= Charles Sarkis =

American restaurateur and dog racetrack owner (1940–2018)

Charles Frederick Sarkis (January 30, 1940 – March 11, 2018) was an American restaurateur and dog racetrack owner who founded the Back Bay Restaurant Group and owned Wonderland Greyhound Park.

==Early life==
Sarkis was raised in Milton, Massachusetts. His father, Abe Sarkis, was a well-known Boston bookmaker. His sister, Dorothy Morkis, was an equestrian who competed in the 1976 Summer Olympics. Sarkis received a bachelor's degree in business from Georgetown University and a master's in business from Boston College. While at Georgetown, Sarkis witnessed the gentrification of the Georgetown neighborhood and was inspired to do the same in Back Bay.

==Business career==
===Back Bay Restaurant Group===
In 1964, Sarkis purchased Boraschi's restaurant in Boston. In 1968, he opened his second restaurant, Charley's, on Newbury Street. In 1992 he spun off his restaurant business into the Back Bay Restaurant Group, which went public at $17 a share. By 1999 the company stock had dropped to $3.50 a share and Sarkis took the company private for $38 million. By 2002, Back Bay Restaurant Group consisted of 35 restaurants on the East Coast, including the Abe & Louie's, J.C. Hillary's, Atlantic Fish Co., Coach Grill, Joe's American Bar & Grill, and Papa Razzi chains.

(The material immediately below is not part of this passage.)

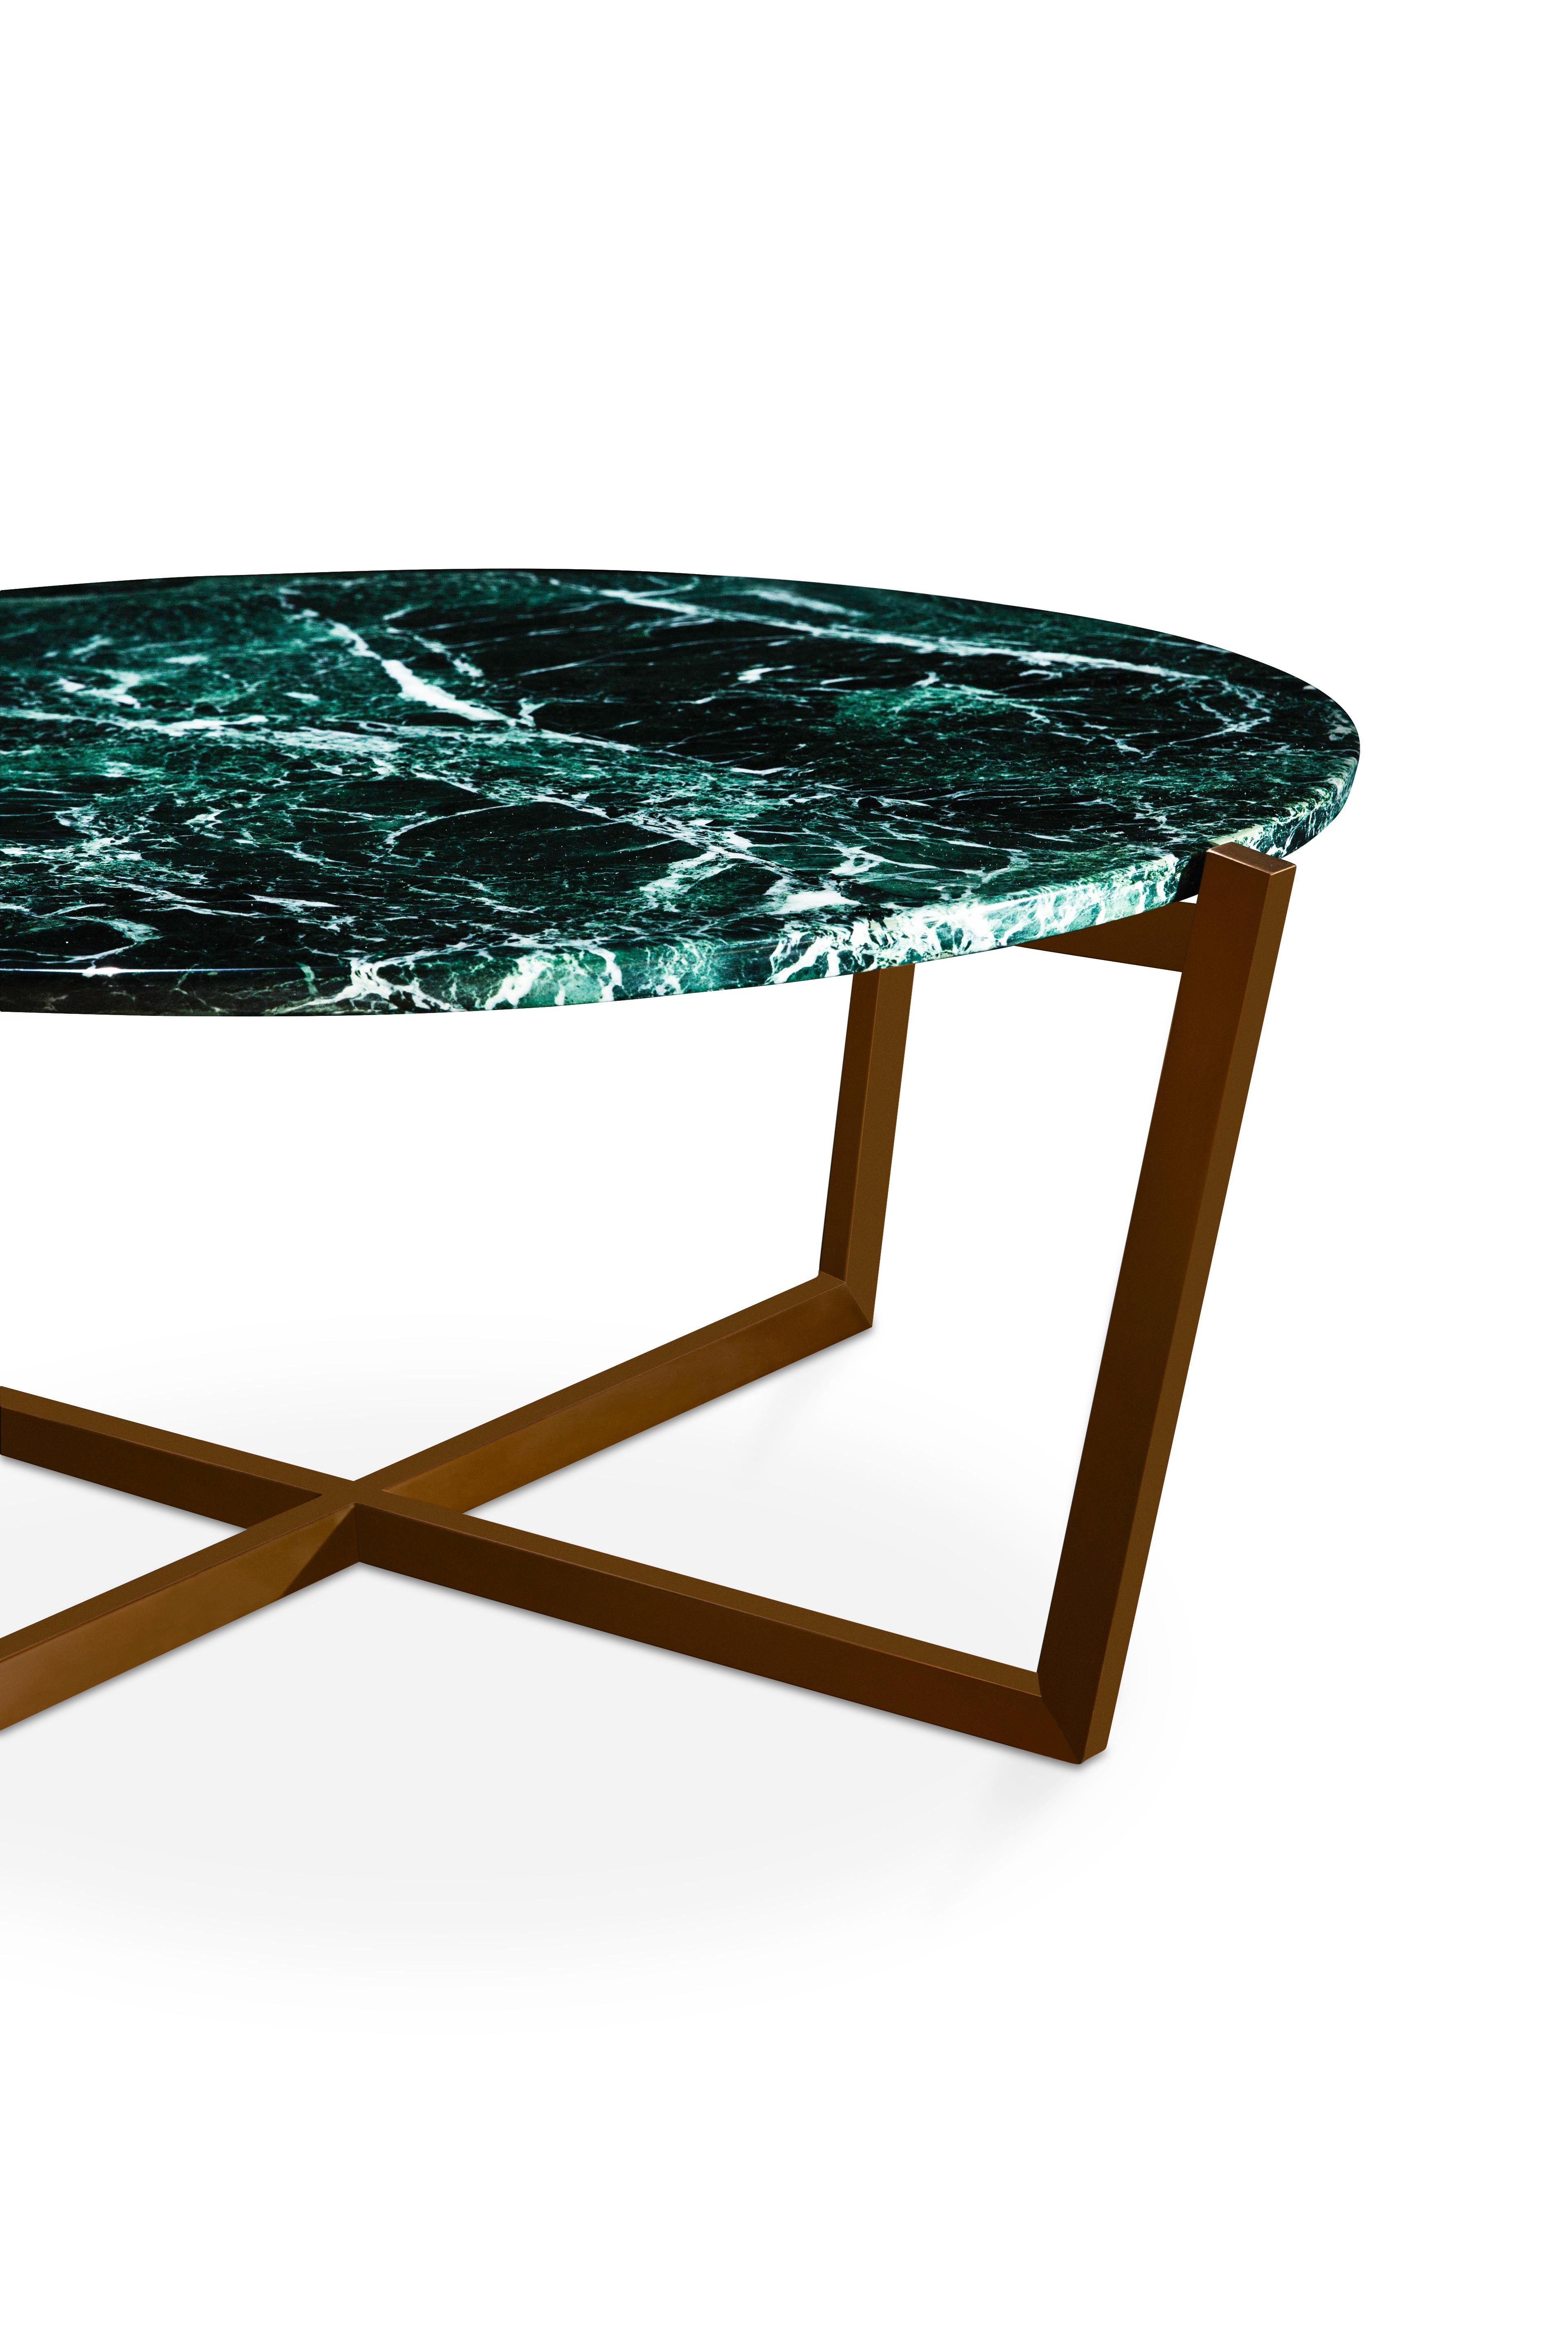 Polished NORDST EMMA Dining Table, Italian Black Eagle Marble, Danish Modern Design, New For Sale

In 2011, Sarkis sold 33 of his restaurants, which included 15 Joe's American Bar & Grill locations, 12 Papa Razzi restaurants and his flagship enterprise, Abe & Louie's to the Tavistock Restaurants, LLC. In March 2012 he sold seven Papa Razzi locations to the Newport Harbor Group. In December 2013, he closed his final two Massachusetts restaurants, Papa Razzi and Joe's American Bar and Grill in Hanover. His two remaining restaurants, both located in New Jersey, were closed at the end of March 2018.

===Wonderland Greyhound Park===
In 1977, Sarkis purchased Wonderland Greyhound Park for $1.7 million. In 1990, 40 people, including Sarkis' father and Wonderland's general manager, were indicted on charges of running an illegal gaming operation at the track. Sarkis was not charged in the case however, according to him "I think Wonderland always tarnished [my record]...It is what it is. My father was my father." When Sarkis' restaurant business went public in 1992, he stepped away from the track's day-to-day operations, but remained its majority shareholder and chairman. Commercial dog racing was made illegal by the Massachusetts Greyhound Protection Act, a 2008 ballot measure that passed 56% to 44%. Live races ended at the Wonderland Greyhound Park on September 18, 2009, and the park closed its doors on August 19, 2010, laying off the remaining 75–80 workers.

===Foxboro Park===
In 1990, Sarkis, entered an agreement to lease Foxboro Raceway from a group run by Eddie Andelman. He hoped to use the track for Thoroughbred racing (which had not been held in Massachusetts since Suffolk Downs closed in 1989), off-track betting, and harness racing. He upgraded the track to include a grandstand pub, circle lounge area, new front-stretch chute, two teletheaters, 155 mutuel machines, and 50 personal betting machines (more than any other U.S. track at that time and the first such machines at any track in New England). The track reopened on May 27, 1992, under the name Foxboro Park. Foxboro Park was unprofitable due to an outbreak of an equine virus, a low level of betting, and significant cost overruns during construction. In 1996, New England Patriots owner Robert Kraft purchased the track and moved to evict Sarkis on the grounds that he did not have a valid lease. On July 29, 1997, Sarkis was ordered to vacate the property.

==Personal life==
In 1964, Sarkis married Nancy Hennessey. The couple had six children. They divorced in 1998. The following year, Sarkis married Fortune president and publisher Jolene Sykes. The couple resided in Palm Beach, Florida.

In September 1995, Sarkis was diagnosed with a brain tumor. He chose a successor and announced his illness to employees and investors. He underwent surgery the following month to extract the tumor, which was found to be benign. After a few months of chemotherapy, radiation, and other treatments, Sarkis was able to return to work.

As part of Bay Back Restaurant Group's sale to Tavistock, Tavistock required that Sarkis' three children that worked for Bay Back Restaurant Group sign noncompete clauses. All three refused and Sarkis moved against them. One son, who had been effectively running the company, quit after his father threatened to fire him. Sarkis also suspended a daughter from her job without pay and sought to have another son removed from his position on the Back Bay Architectural Commission.

In 2010, Sarkis suffered a reoccurrence of his brain tumor. He died on March 11, 2018, of complications from brain cancer. He was 78 years old. Following his death, the remains of the Back Bay Restaurant Group were shut down for good.